WORK TO BE COMPLETED
Your copy should match the listing word for word, apart from the pictures, which are left out.

PROVIDED MATERIAL

>>>

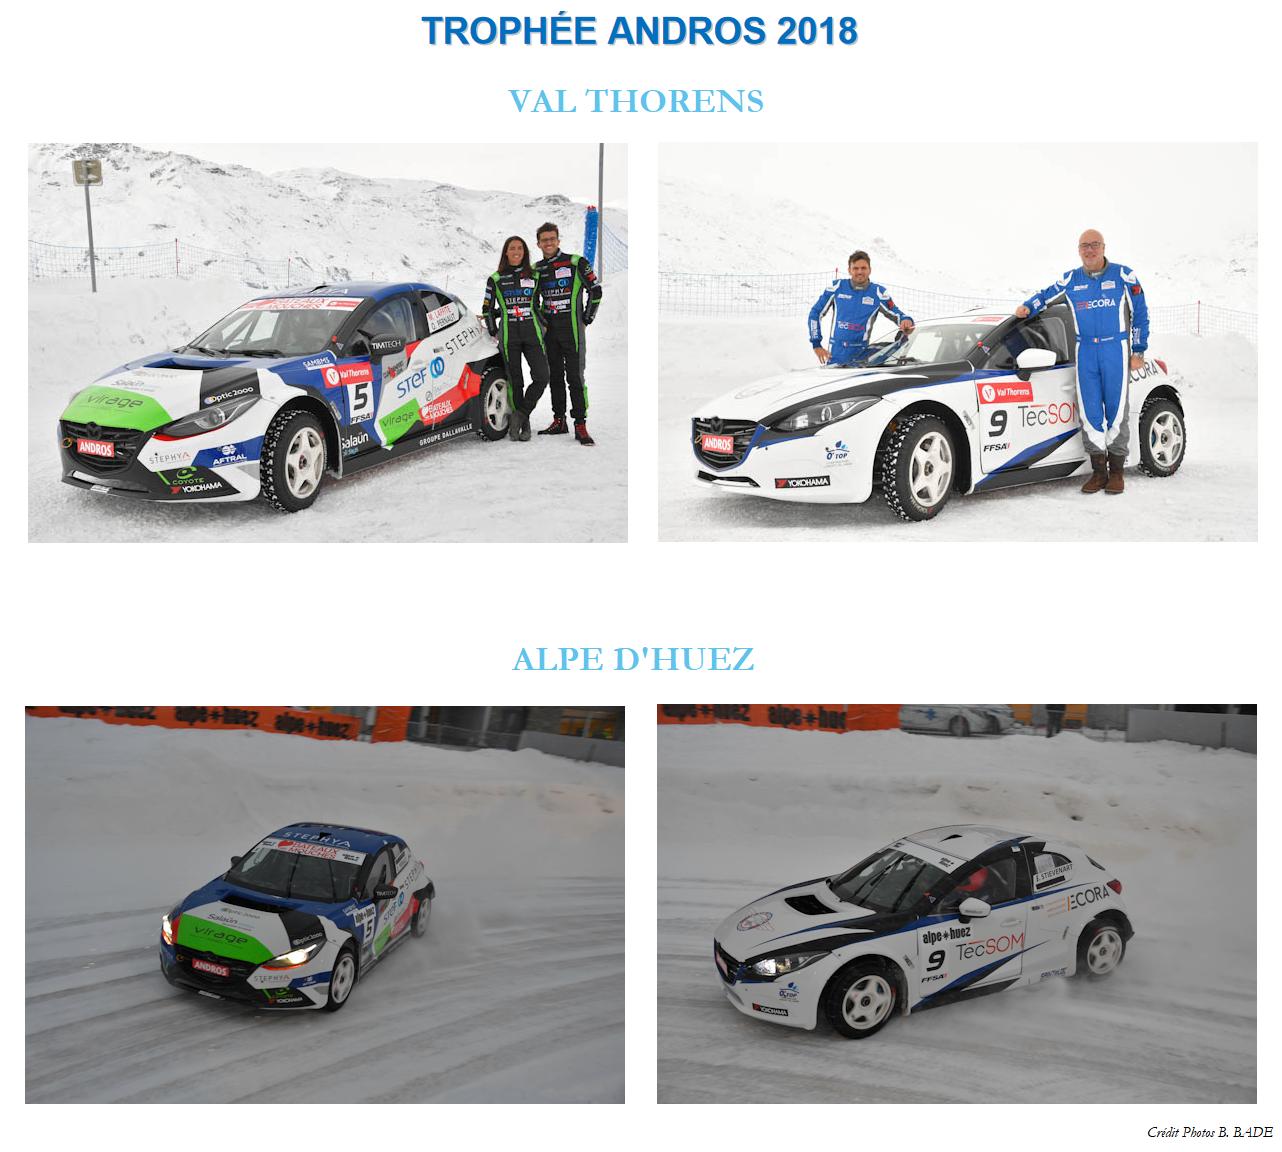 Trophée Andros 2018 Val Thorens Alpe d'Huez
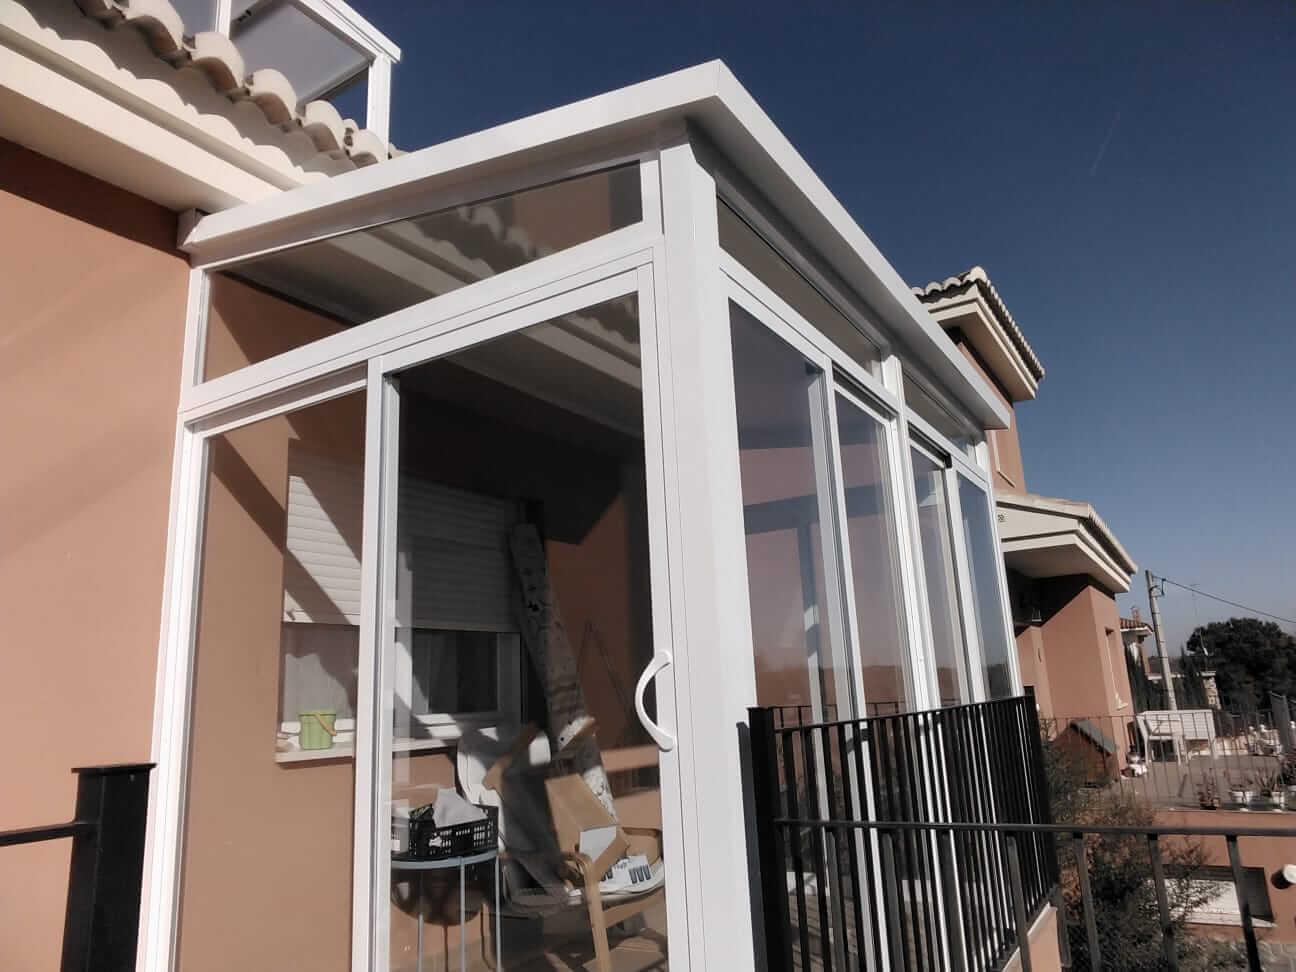 Cerramiento de cristal en balcón exterior. Vista desde el exterior de la vivienda
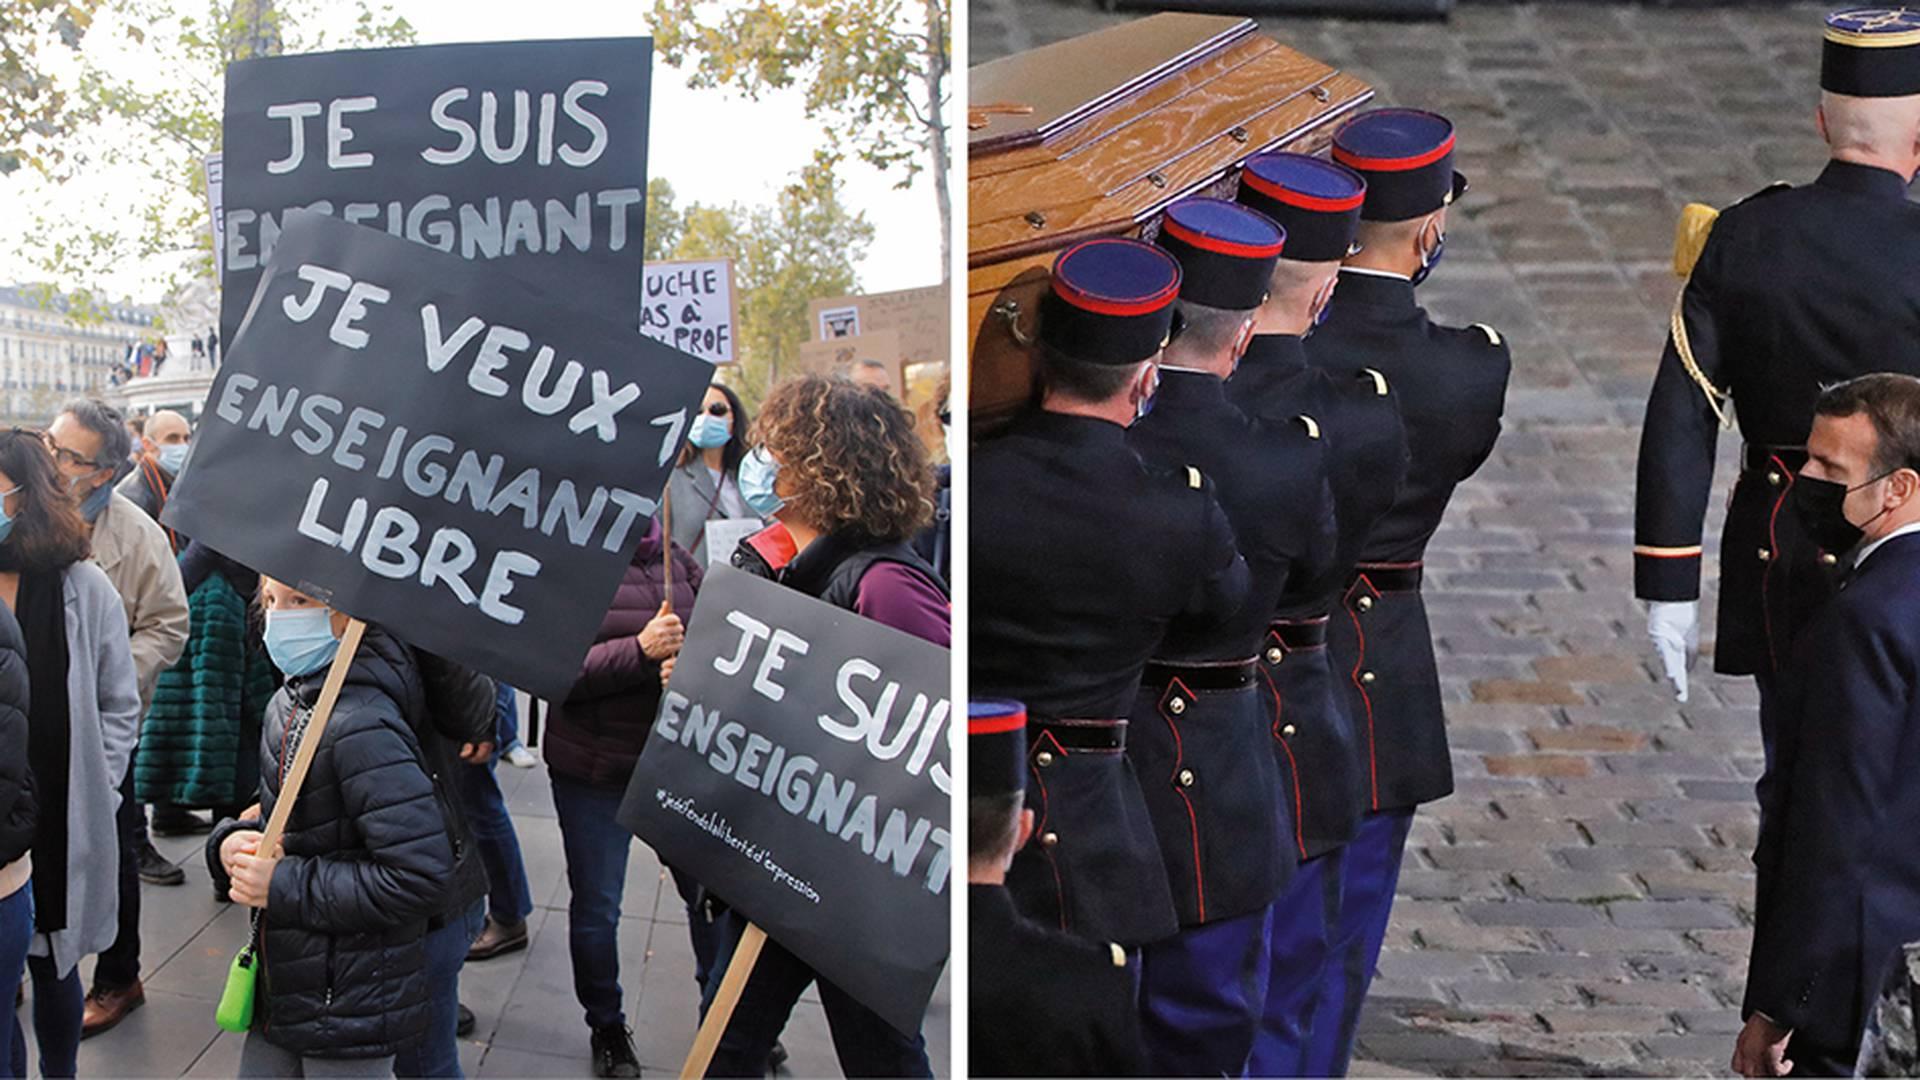 Ante la conmoción, miles de personas conmemoraron esta semana el trabajo del profesor Samuel Paty. El presidente francés Emmanuel Macron y 400 personas rindieron un homenaje en la universidad La Sorbona.
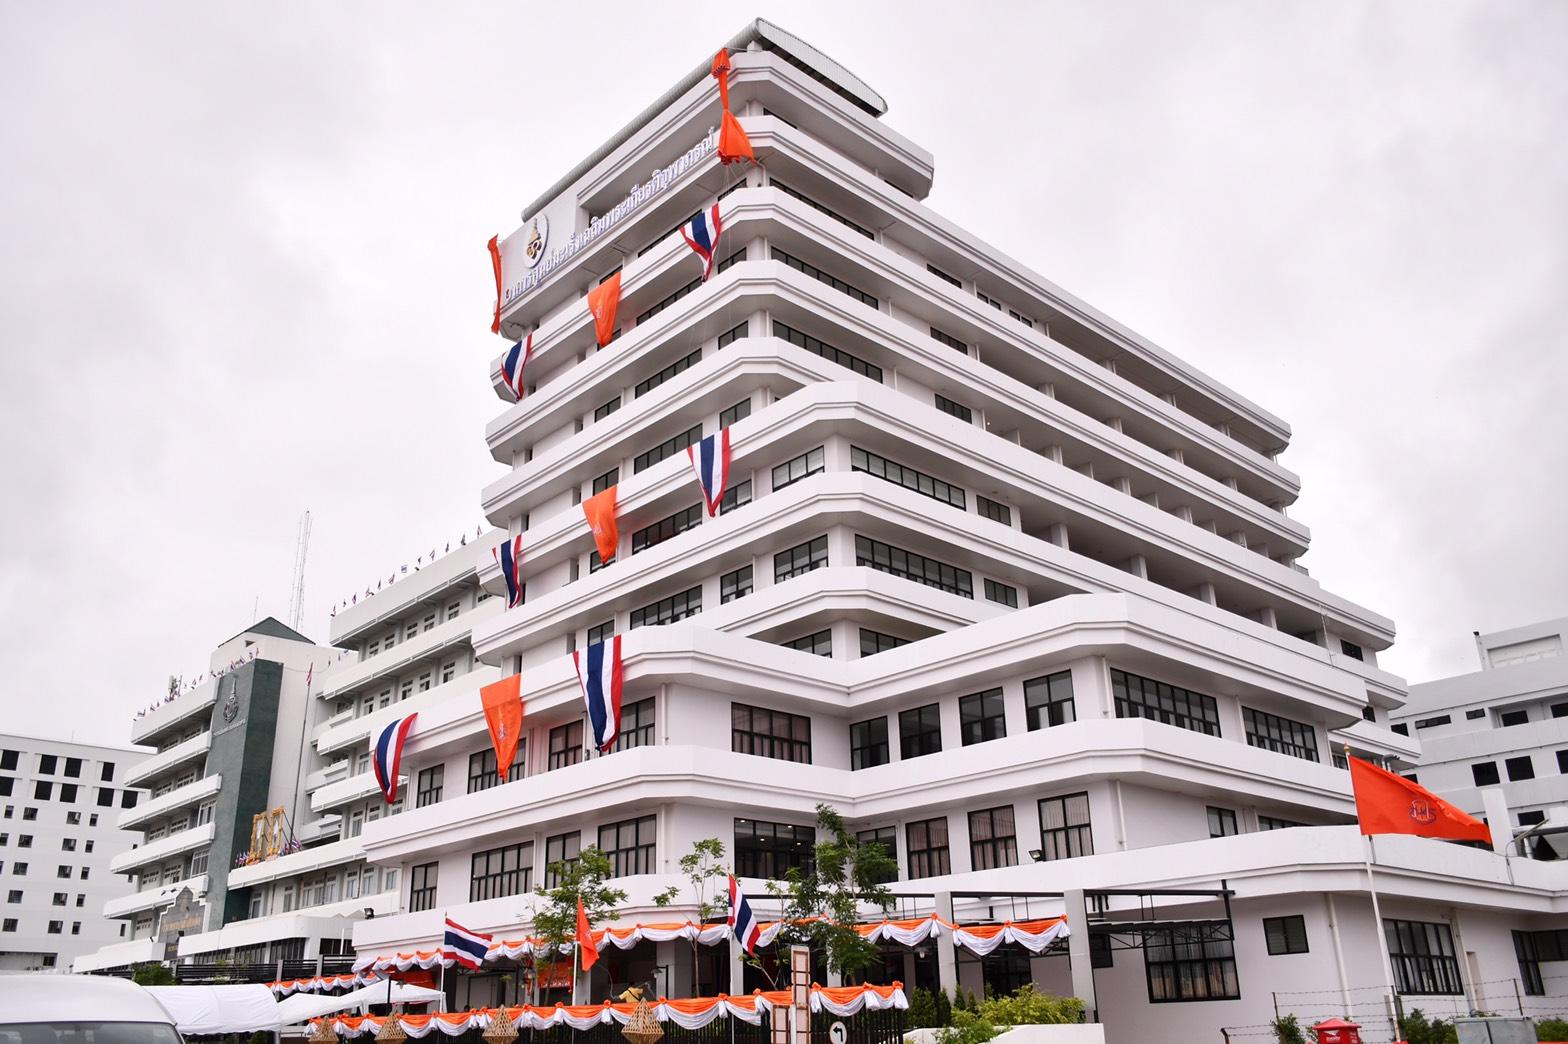 สมเด็จกรมพระศรีสวางควัฒนฯ เสด็จฯ เปิดอาคารศูนย์มะเร็งเฉลิมพระเกียรติจุฬาภรณ์ รพ.ร้อยเอ็ด

<<<

RESPONSE BELOW
 Trophée Andros 2018 Val Thorens Alpe d'Huez
 Cerramiento de cristal en balcón exterior. Vista desde el exterior de la vivienda
 Ante la conmoción, miles de personas conmemoraron esta semana el trabajo del profesor Samuel Paty. El presidente francés Emmanuel Macron y 400 personas rindieron un homenaje en la universidad La Sorbona.
 สมเด็จกรมพระศรีสวางควัฒนฯ เสด็จฯ เปิดอาคารศูนย์มะเร็งเฉลิมพระเกียรติจุฬาภรณ์ รพ.ร้อยเอ็ด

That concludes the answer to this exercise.